• Records for the exercise:
• • • • • • •

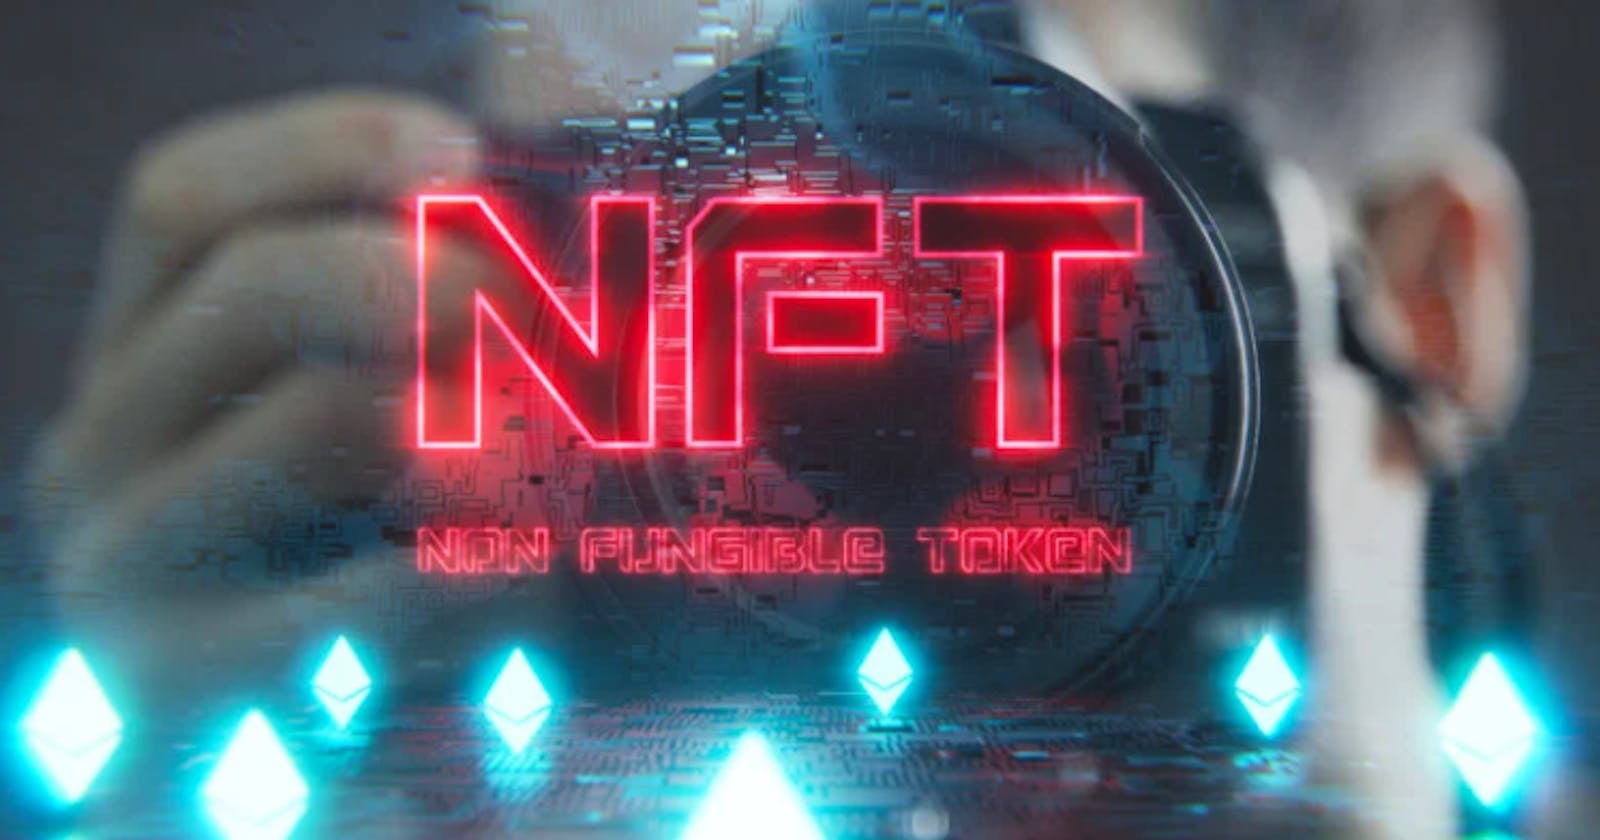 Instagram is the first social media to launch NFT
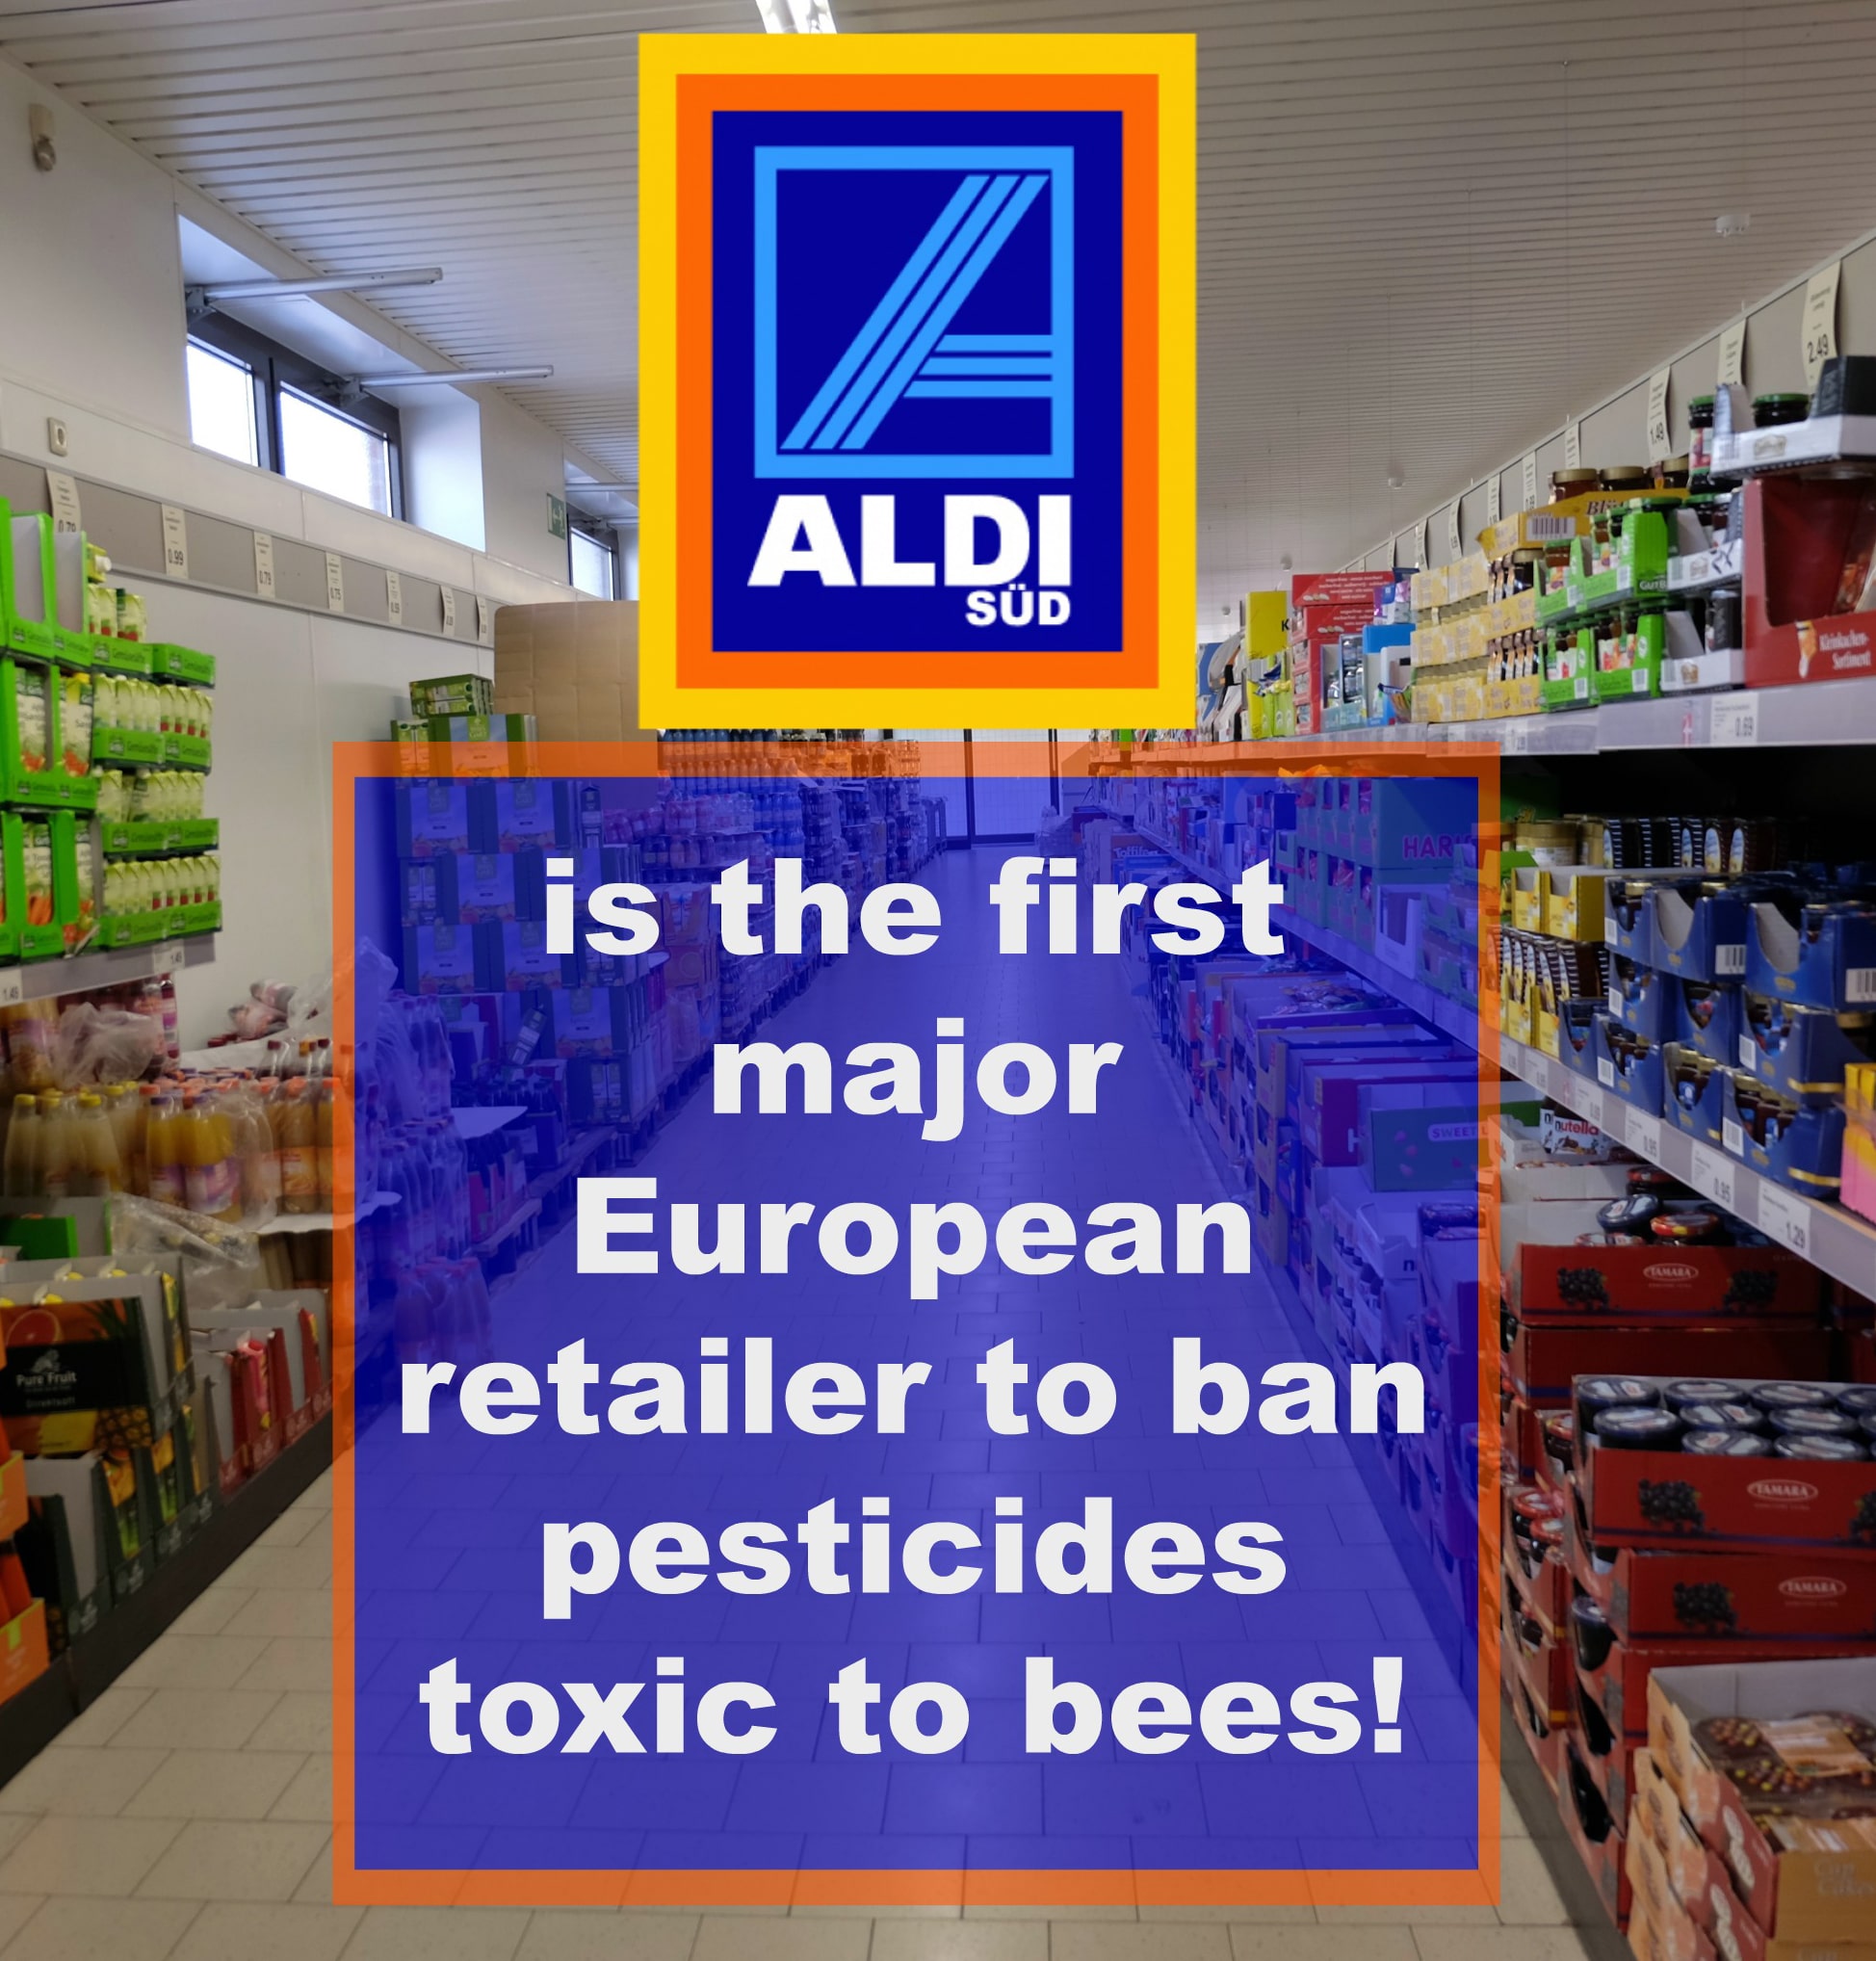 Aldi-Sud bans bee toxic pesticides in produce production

• • • • • • •

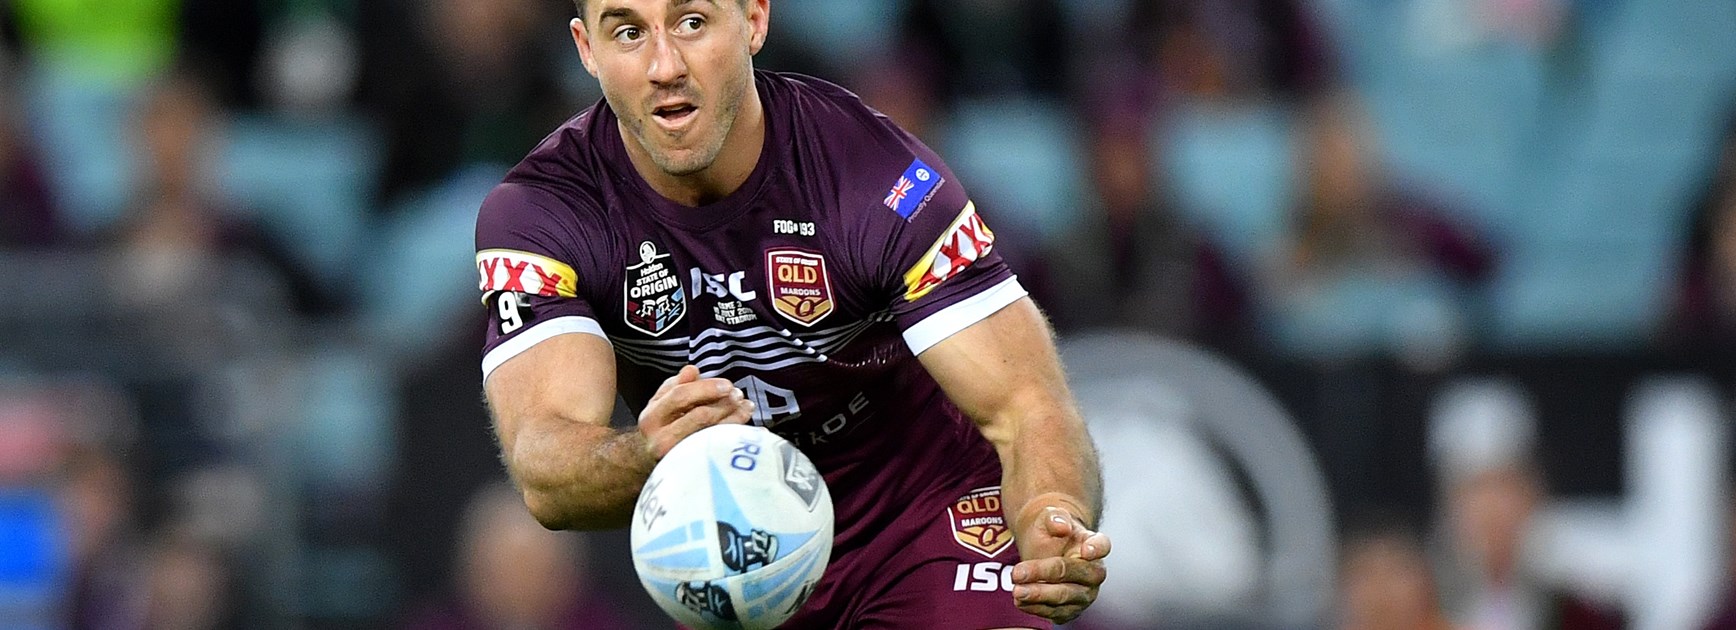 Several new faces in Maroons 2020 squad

• • • • • • •

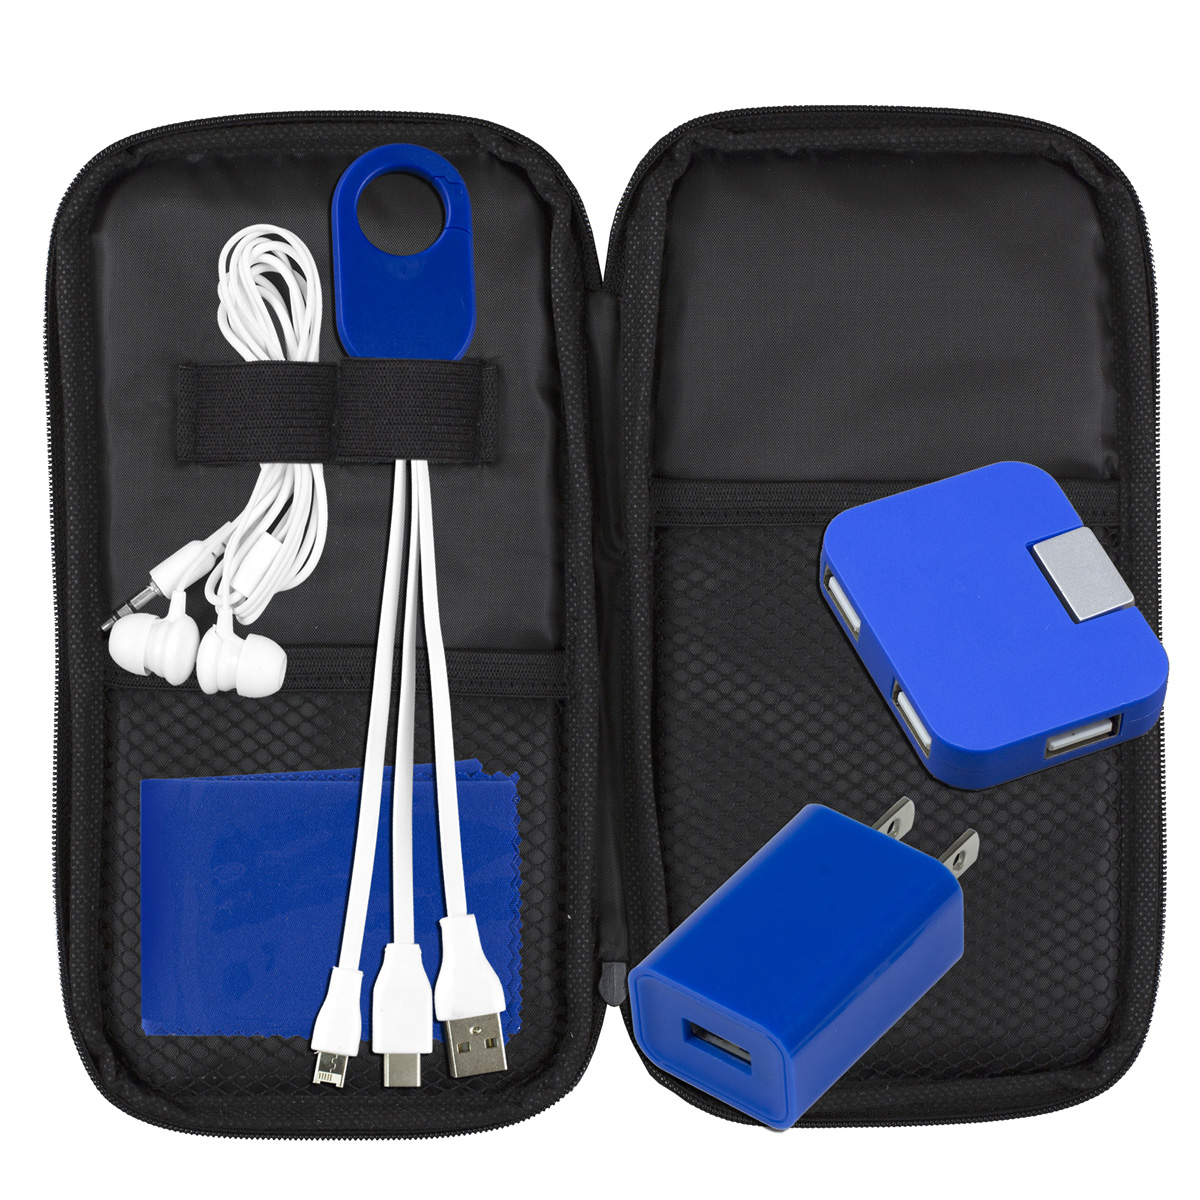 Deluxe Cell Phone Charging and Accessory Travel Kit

• • • • • • •

• About this task: Those lines of the records above that run from the one containing "Instagram is the" through the one containing "Aldi-Sud bans bee" should be returned exactly, with no pictures among them.

• Solution below:
 Instagram is the first social media to launch NFT
 Aldi-Sud bans bee toxic pesticides in produce production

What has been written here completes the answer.